The homework is divided into four main parts:
1. Data-preprocessing
2. Developing different models and evaulating the models - without Entity Embeddings
3. Pass on the entity embeddings from Neural Network model to other models and evaluate the models
4. Compare the models

## Read this first!

The homework is divided into **4 notebooks**
1. Preprocessing and Storing Data
2. Modelling without Entity Embeddings
3. MultiLayer Perceptron with Entity Embeddings 
4. Modelling with Entity Embeddings and Comparing the results


This Homework is based on the **paper attached in the data folder**

Lets talk about the paper first:

A very simple explaination of what the paper is trying to achieve is to show how to accuracy of the model changes using Entity Embeddings.
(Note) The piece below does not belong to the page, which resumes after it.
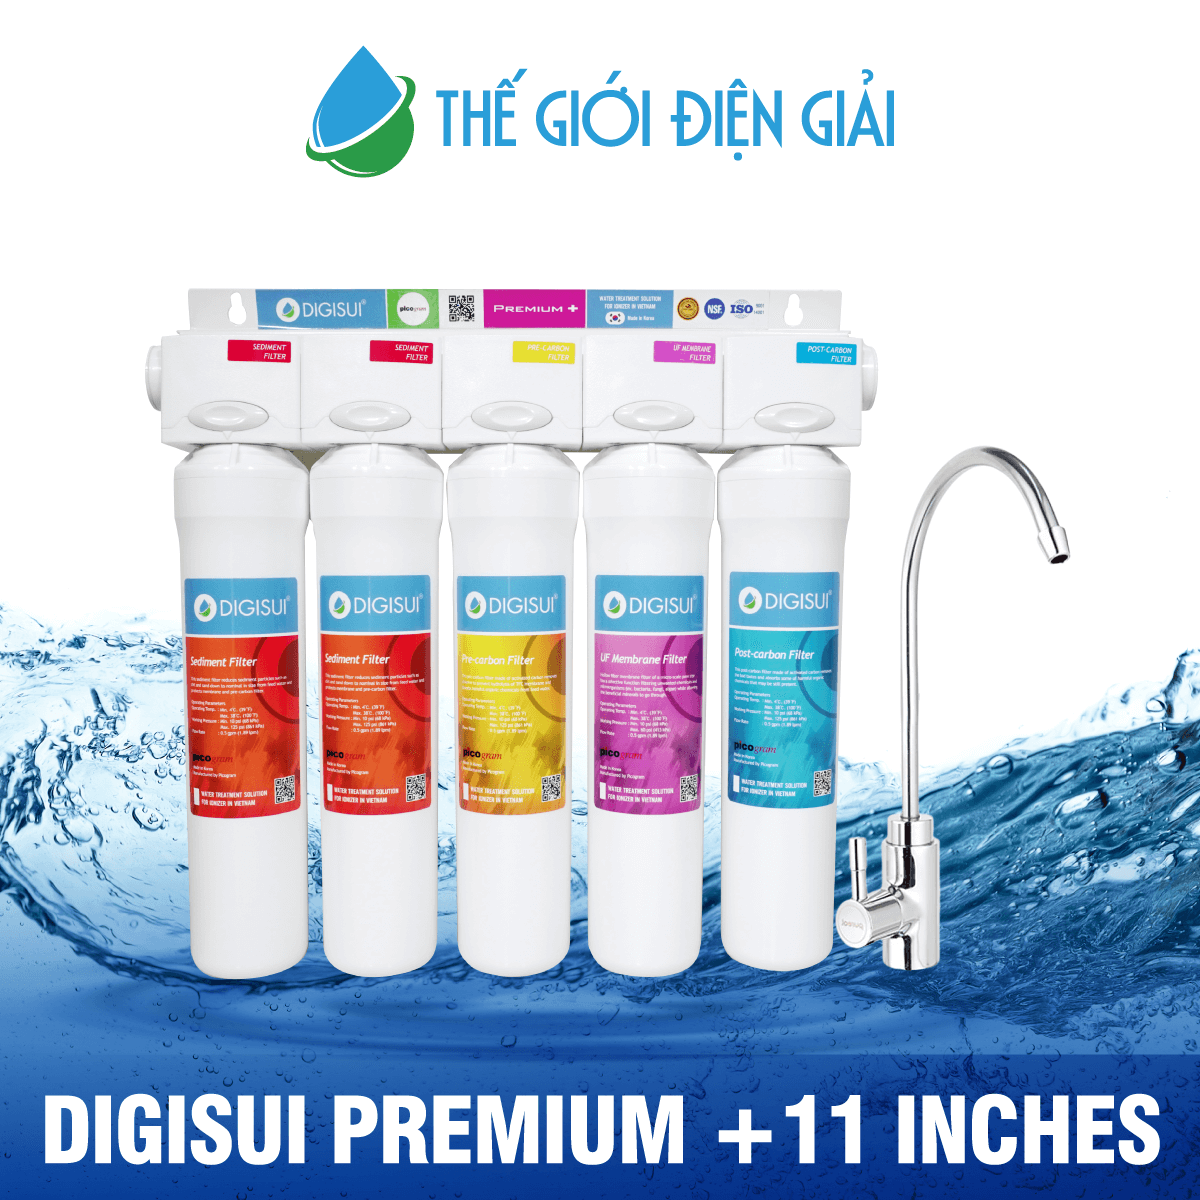  Máy lọc nước DigiSui Premium + 11 inches được nghiên cứu dành riêng cho Việt Nam

You will first pre-process the data, pass it through tree models and MLP and check the MAPE. After that you will build another MLP Model with embeddings. This embedding features will be extracted and then merged with the train set and then passed as input to the same tree models to check their MAPE. 

**Things to note:**

1. We want the results to be **almost same** as the results shown in the paper(Your results will not be exactly the same):

![Results.jpeg](https://drive.google.com/uc?export=view&id=1KqzimhXso6aojPYwcBNj5EnDNZoY_Hqb)


**We will not be implementing KNNs**

2. The paper specifically mentions the parameters it uses to achieve these results, and we will be using the **same as well**. 
![Parameters.jpeg](https://drive.google.com/uc?export=view&id=1ROfqM3F5hWwJyrvQr_J1ATovNIW5niOs)

**Again remember we will not be implementing KNNs**


3. The last point we want you to note is the following: we will be using MAPE


![Mape.jpeg](https://drive.google.com/uc?export=view&id=1UFi9yWzmSWePNm2qpRqGKylR5Q5-Q7ms)


4. Read the paper first!! Specifically **B. Comparison of different methods** **This will give you more clarity on what goes as an input to each model, hence your results will be as close as possible to the paper.** 

#### So lets get started! Please note: this particular notebook is only for Data Preprocessing and saving the datafile. The notebooks for Modelling without Entity Embeddings MLP with Entity Embedding and other models with Entity Embeddings is Part2 and Part3 and Part4. 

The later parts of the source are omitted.